◆ **Supplied information**
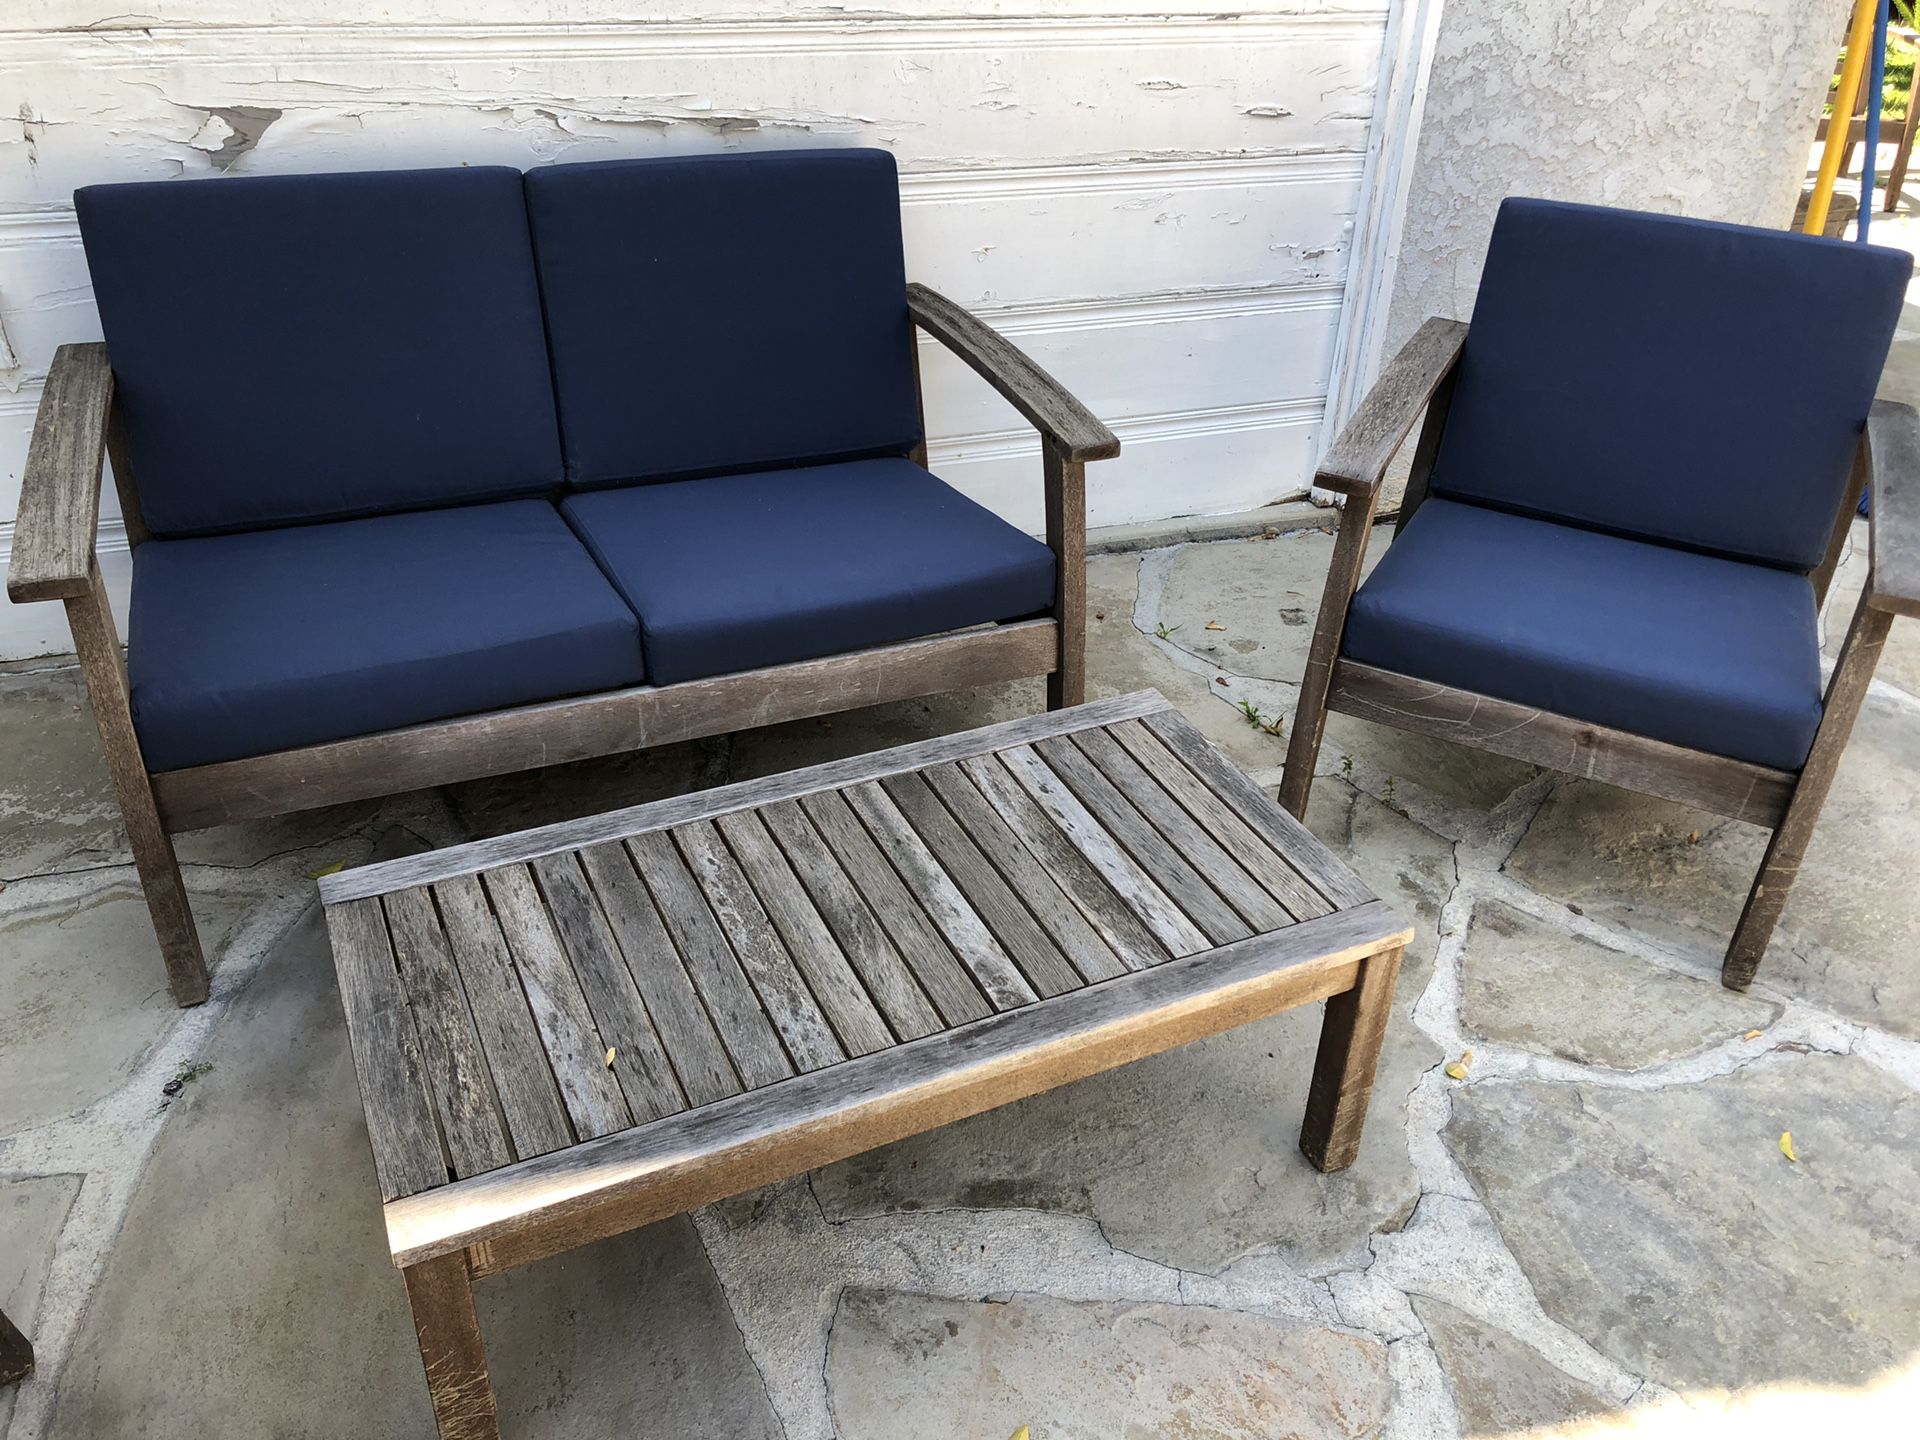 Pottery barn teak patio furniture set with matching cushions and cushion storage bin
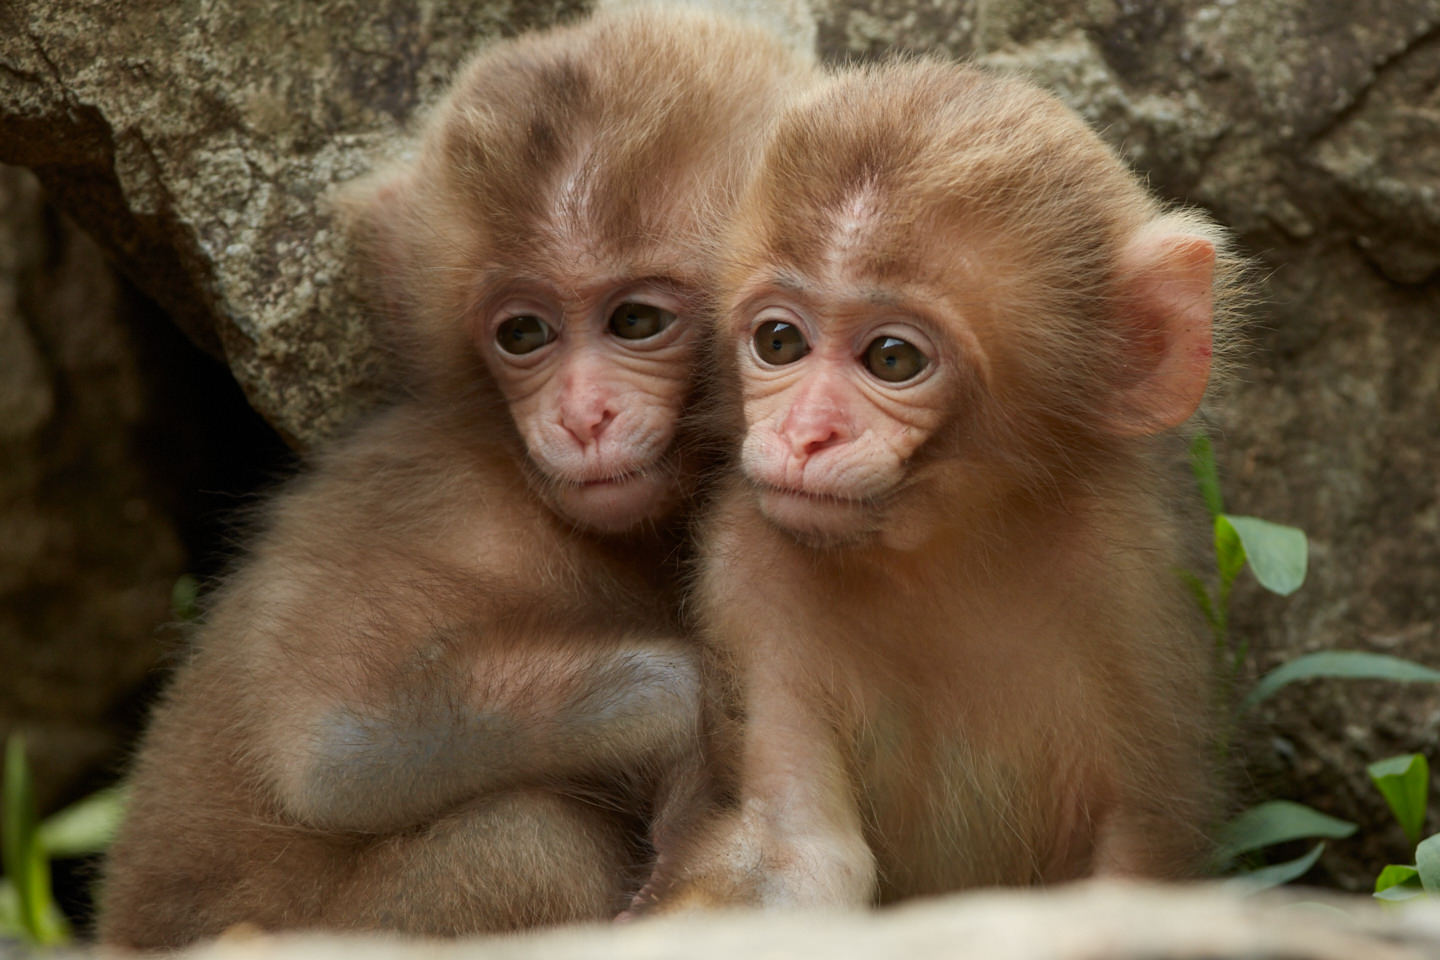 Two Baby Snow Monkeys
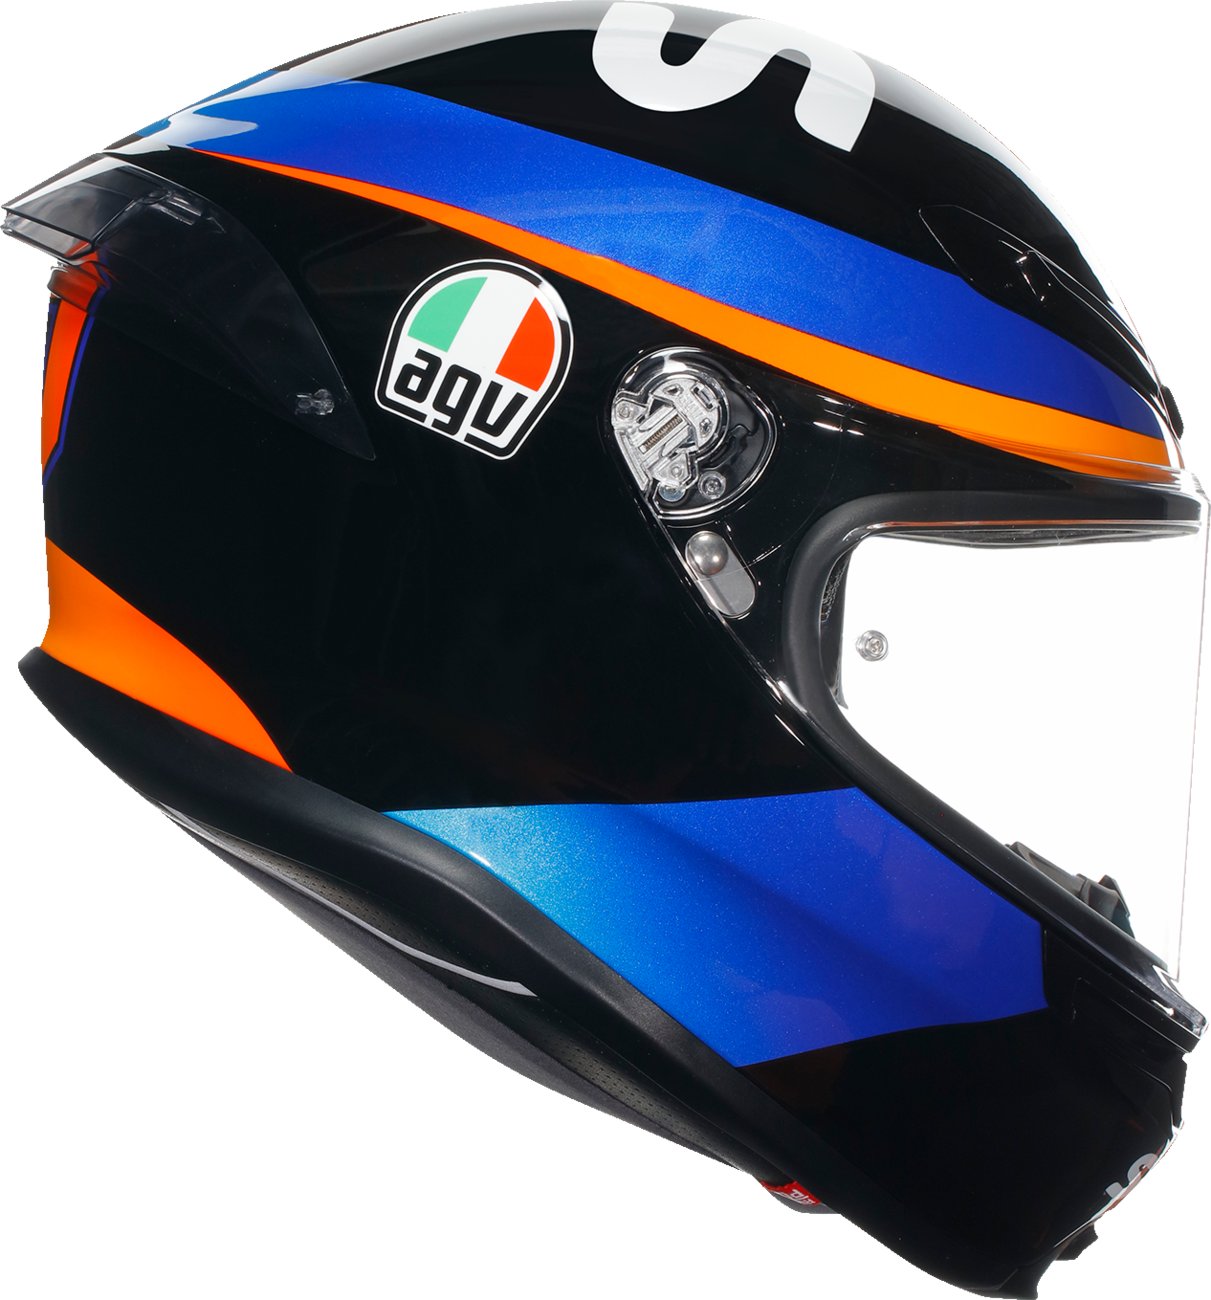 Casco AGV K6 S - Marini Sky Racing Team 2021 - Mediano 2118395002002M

◆ **Task goal**
Exact copy, no images: rewrite the entire listing above.

◆ **Written solution**
 Pottery barn teak patio furniture set with matching cushions and cushion storage bin
 Two Baby Snow Monkeys
 Casco AGV K6 S - Marini Sky Racing Team 2021 - Mediano 2118395002002M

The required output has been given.